U.S. Ambassador to New Zealand Scott Brown said he accepted advice that he should be more culturally aware following an official American inquiry into his conduct at a Peace Corps event in Samoa, the Stuff website reported on Wednesday.
Brown said that he was unaware at the time of the event in July that there were any complaints about his behavior or that his comments could be interpreted as offensive.
The complaint related to his arrival at the event, when he told some of the guests that they looked beautiful and that he told a woman serving food and drinks that she could make hundreds of dollars in the hospitality industry in the United States.

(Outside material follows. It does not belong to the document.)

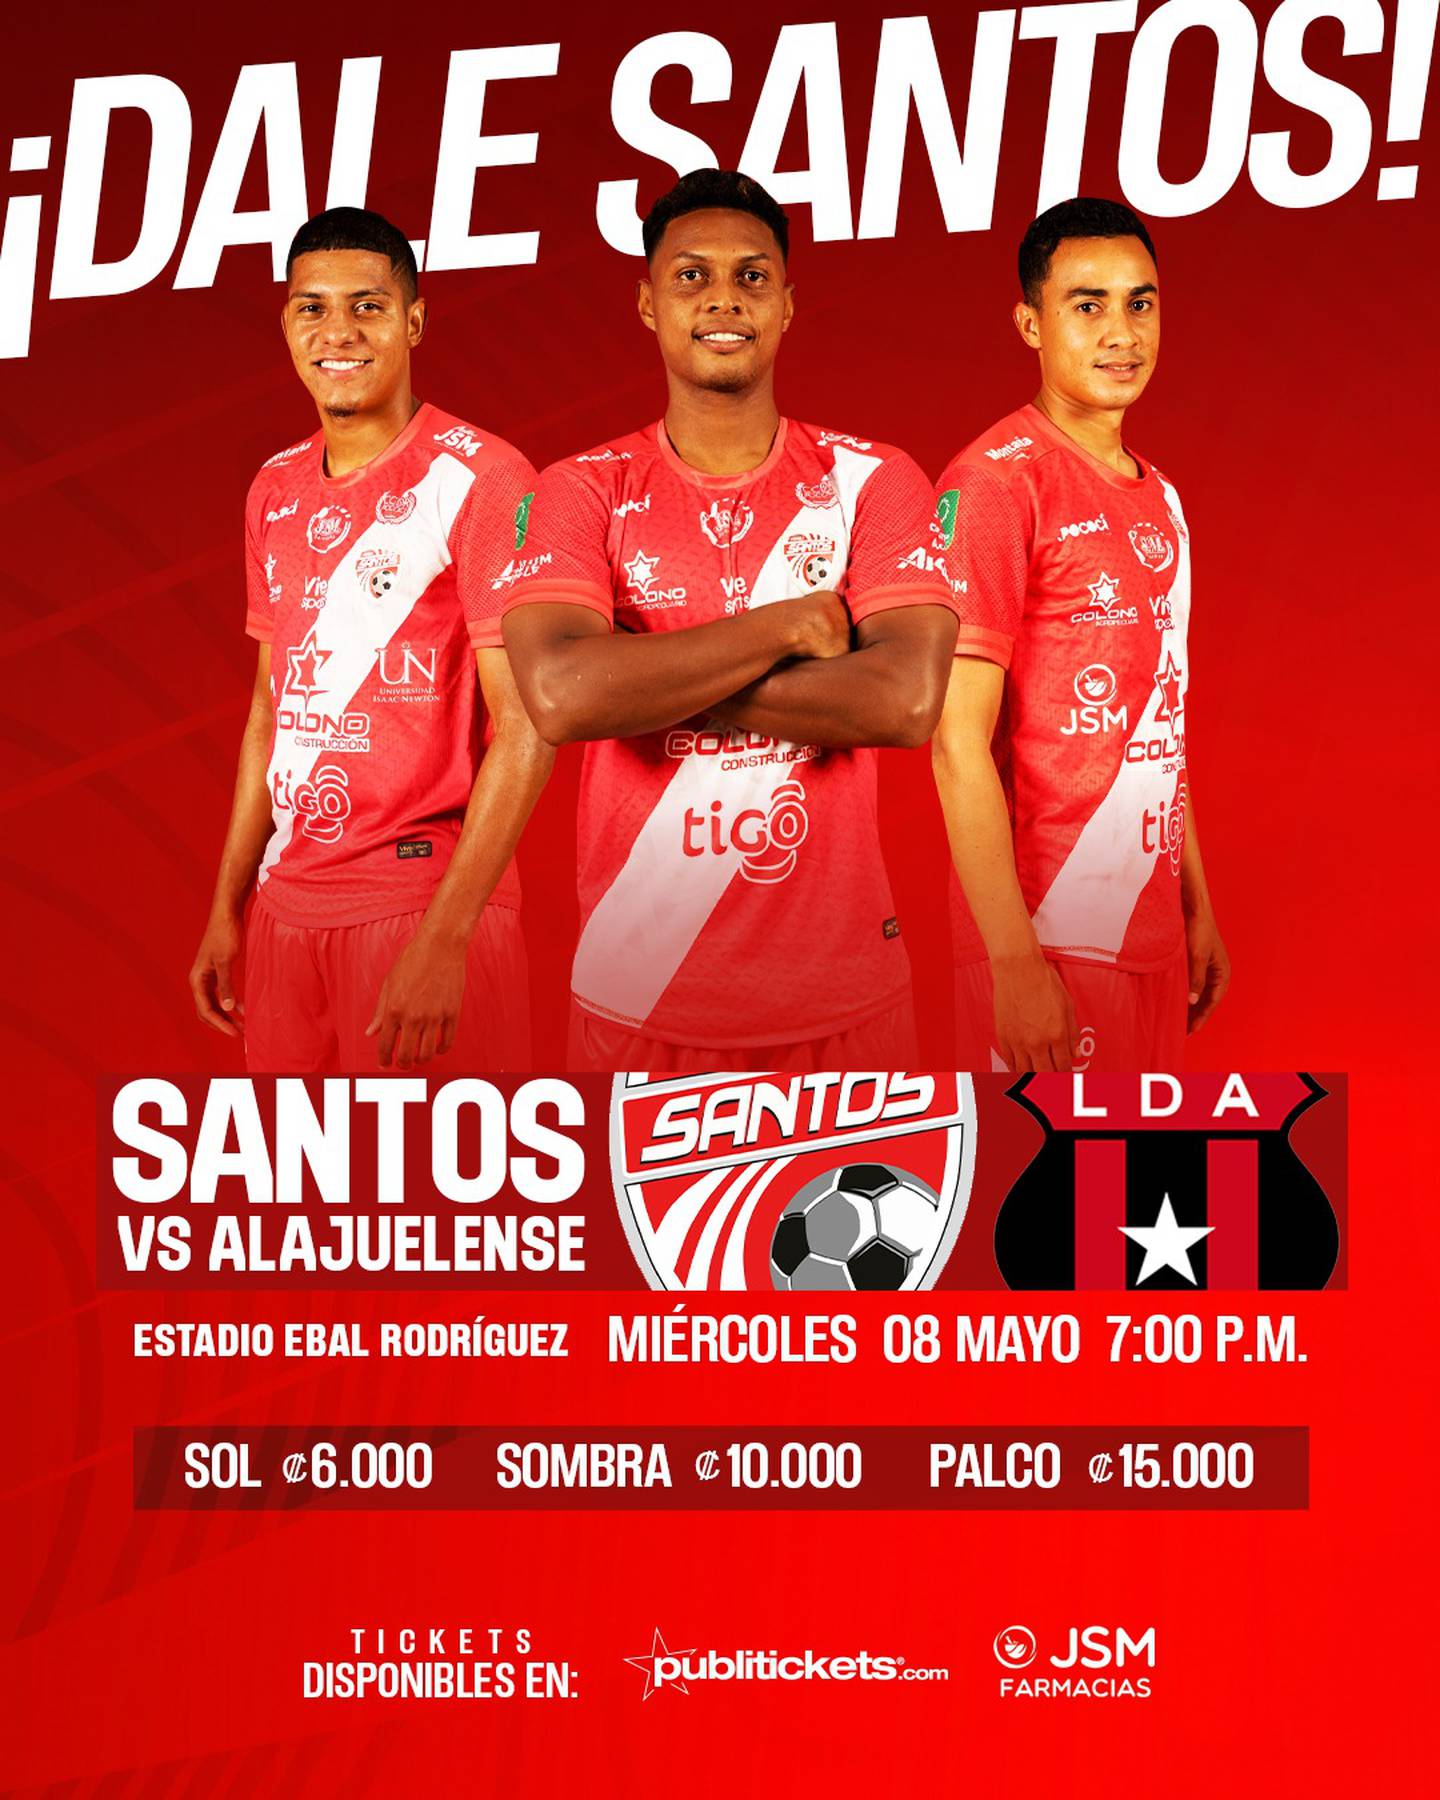 Este es el precio de las entradas para el partido entre Santos y Liga Deportiva Alajuelense.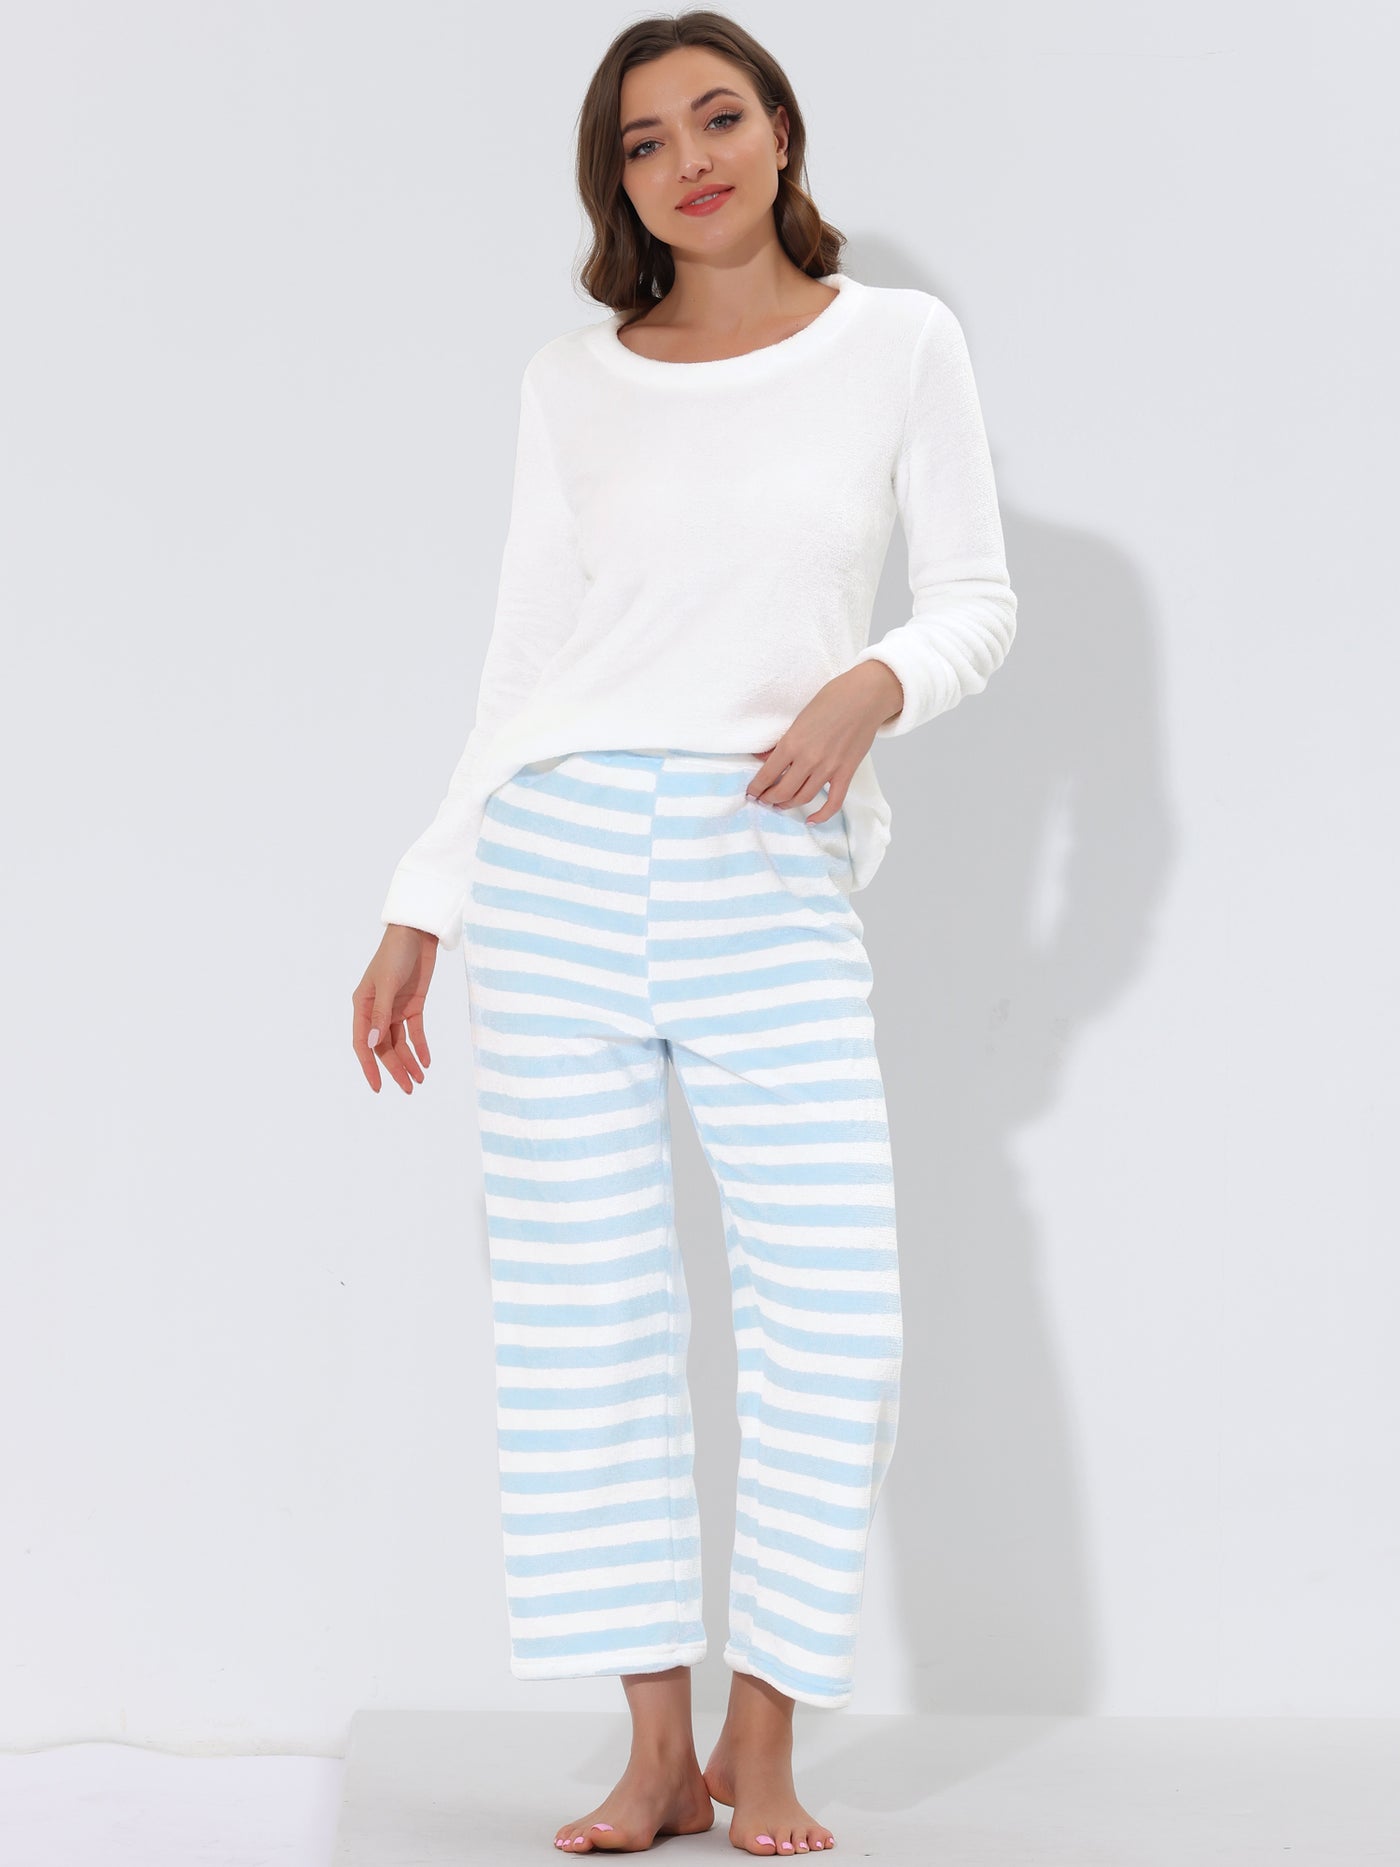 Bublédon Women's Sleepwear Lounge Nightwear Flannel Pajama Set

The complaints against Brown came from two serving female members of the Peace Corps, according to the Guardian.
Brown attributed the controversy to a cultural misunderstanding, telling Stuff that "We are in a different culture: even though we all speak English, sometimes when we say one thing it means the complete different thing."
The ambassador, however, also said he suspected that there was an element of political motivation behind the complaint, because at the event there were many people who did not like President Donald Trump."
Brown, a former senator from Massachusetts who was one of the president’s earliest and most vocal supporters, was one of the first ambassadors selected by Trump, according to WBUR.
A spokesperson for the U.S. embassy in Wellington told the Guardian that "Ambassador Brown has nothing to add to the comments he made in this afternoon’s interview."